> Input data:
______________________________
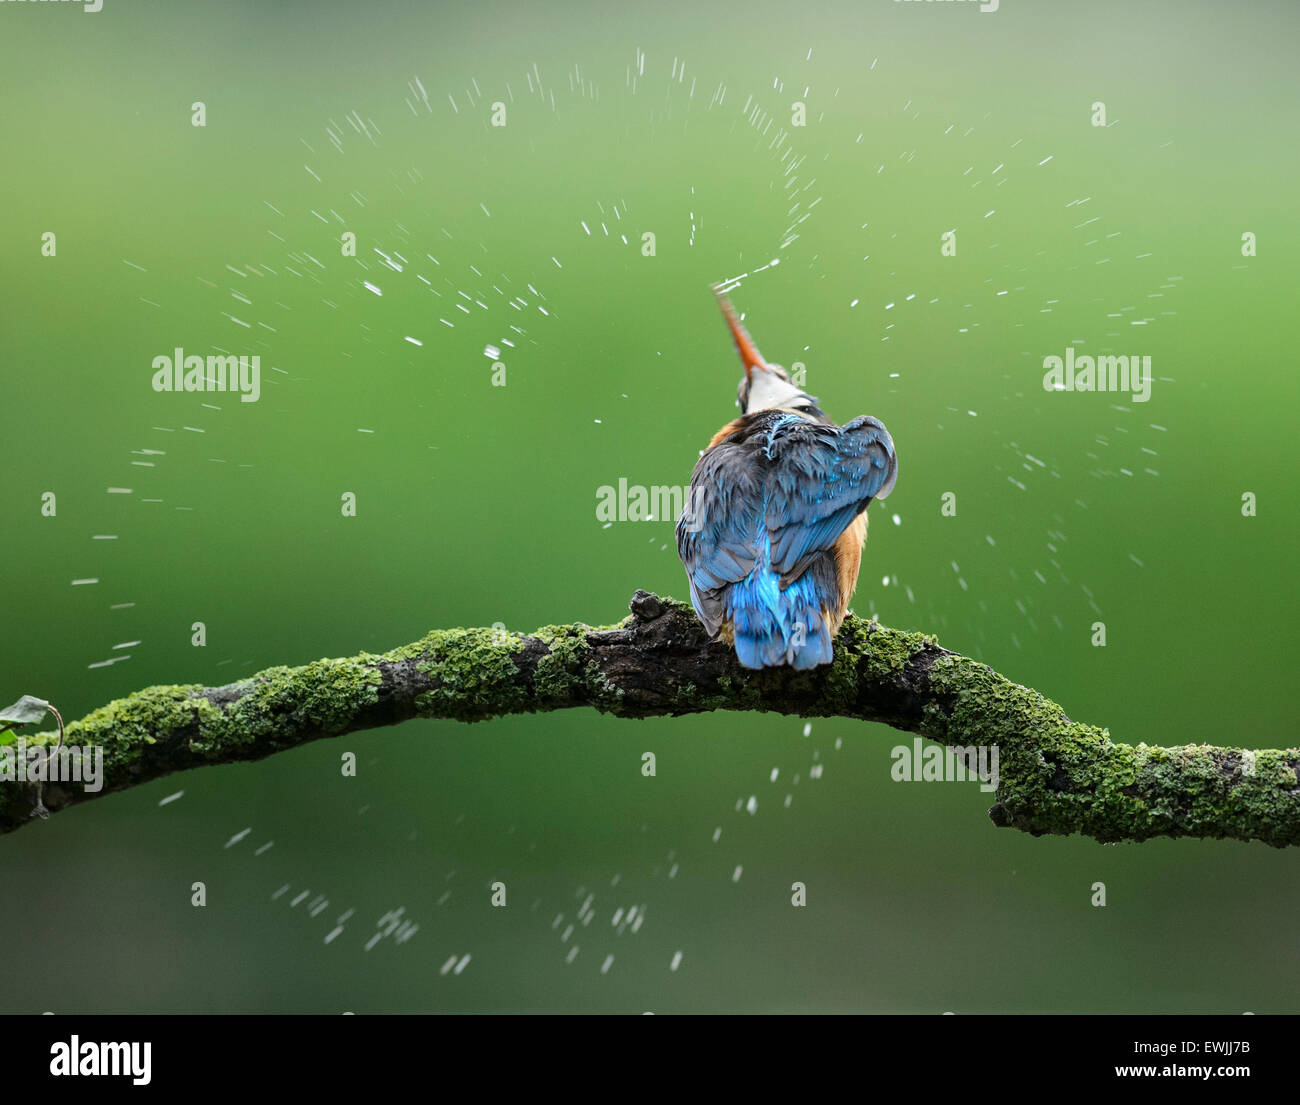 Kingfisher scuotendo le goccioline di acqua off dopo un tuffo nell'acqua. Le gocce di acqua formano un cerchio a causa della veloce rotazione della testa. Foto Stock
______________________________
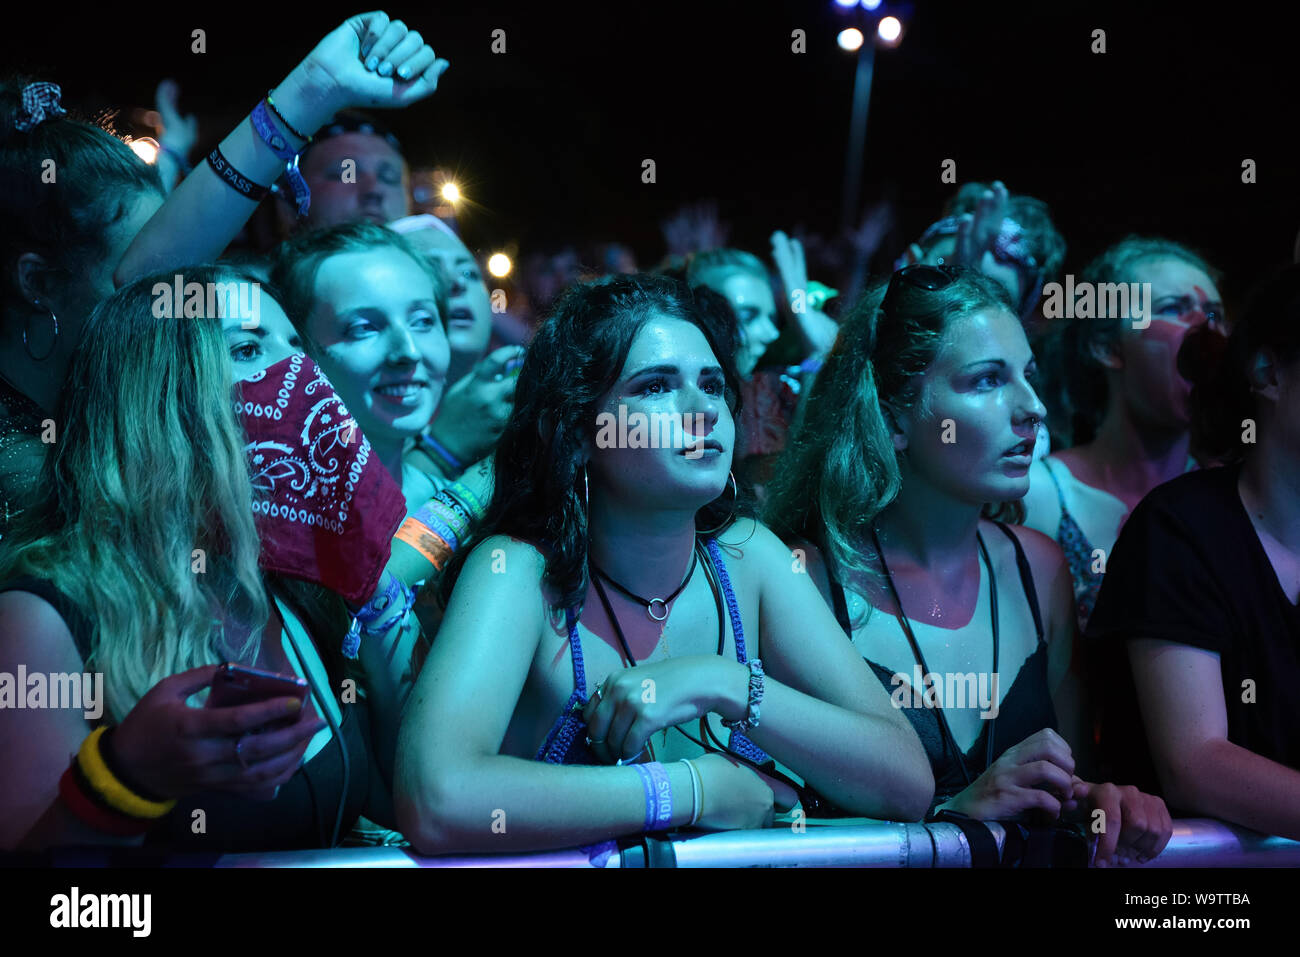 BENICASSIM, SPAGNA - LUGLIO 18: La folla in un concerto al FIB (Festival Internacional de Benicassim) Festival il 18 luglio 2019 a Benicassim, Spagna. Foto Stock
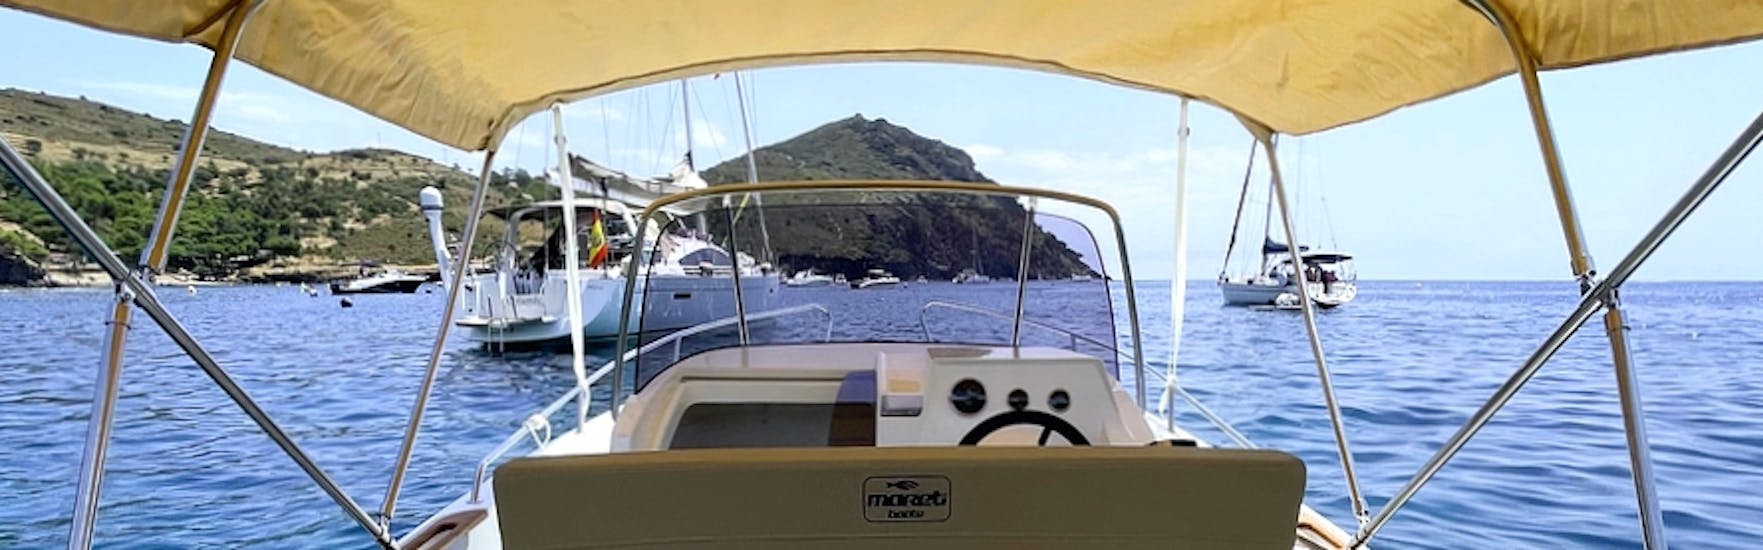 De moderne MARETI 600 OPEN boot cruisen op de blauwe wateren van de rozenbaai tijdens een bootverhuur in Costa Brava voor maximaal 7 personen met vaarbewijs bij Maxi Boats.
______________________________
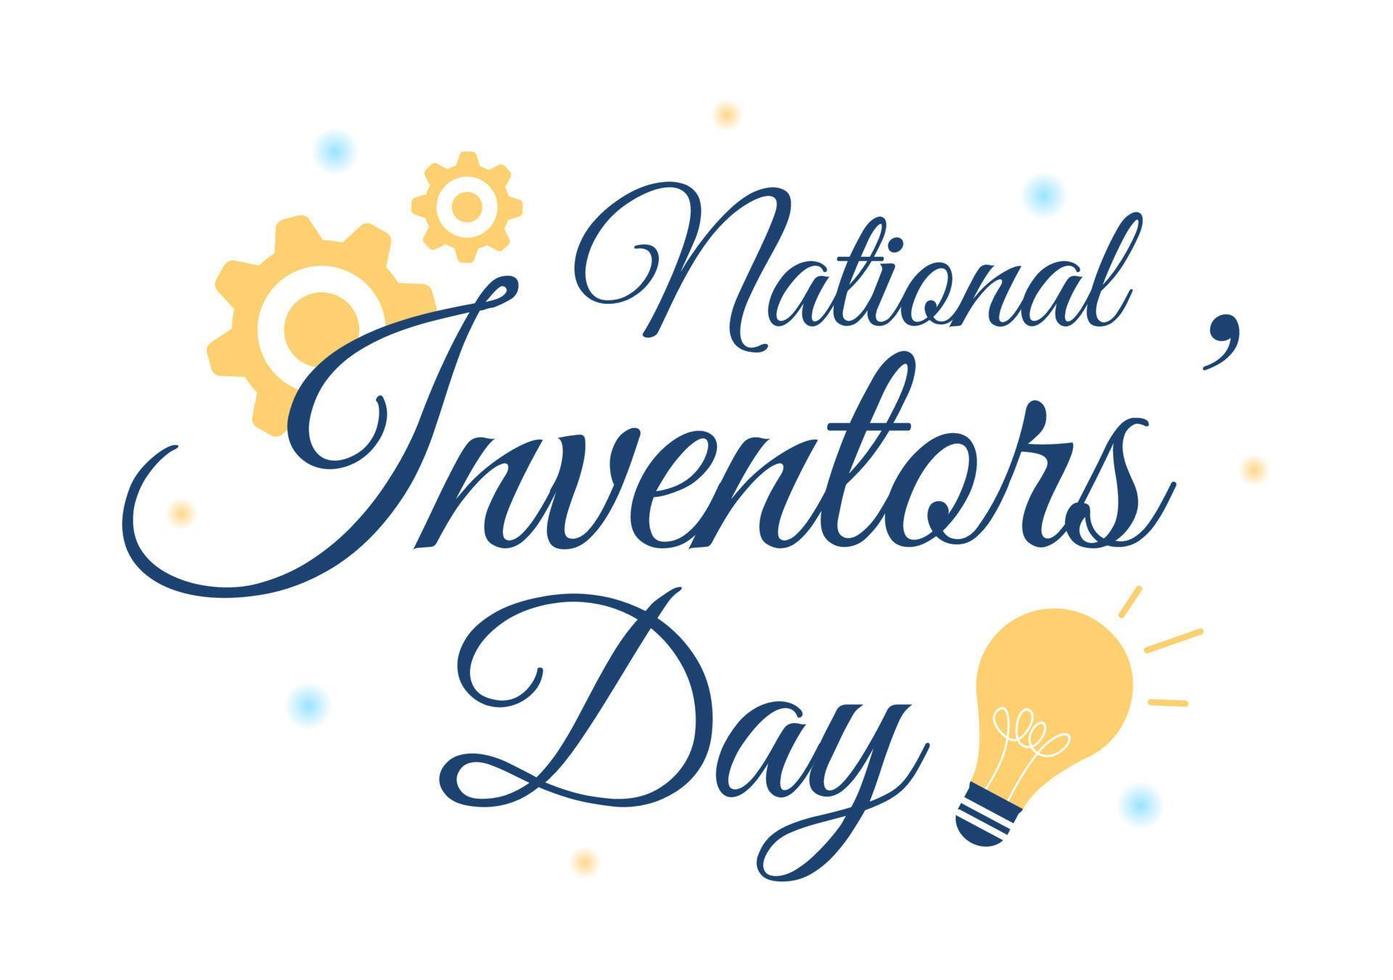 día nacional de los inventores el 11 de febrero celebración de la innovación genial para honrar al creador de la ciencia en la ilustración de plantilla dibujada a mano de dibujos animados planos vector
______________________________
> What this task involves: Extract from the material above the stretch running from the line containing "BENICASSIM, SPAGNA - LUGLIO" through the line containing "De moderne MARETI". Keep the text exact and the pictures out.

> The answer:
 BENICASSIM, SPAGNA - LUGLIO 18: La folla in un concerto al FIB (Festival Internacional de Benicassim) Festival il 18 luglio 2019 a Benicassim, Spagna. Foto Stock
 De moderne MARETI 600 OPEN boot cruisen op de blauwe wateren van de rozenbaai tijdens een bootverhuur in Costa Brava voor maximaal 7 personen met vaarbewijs bij Maxi Boats.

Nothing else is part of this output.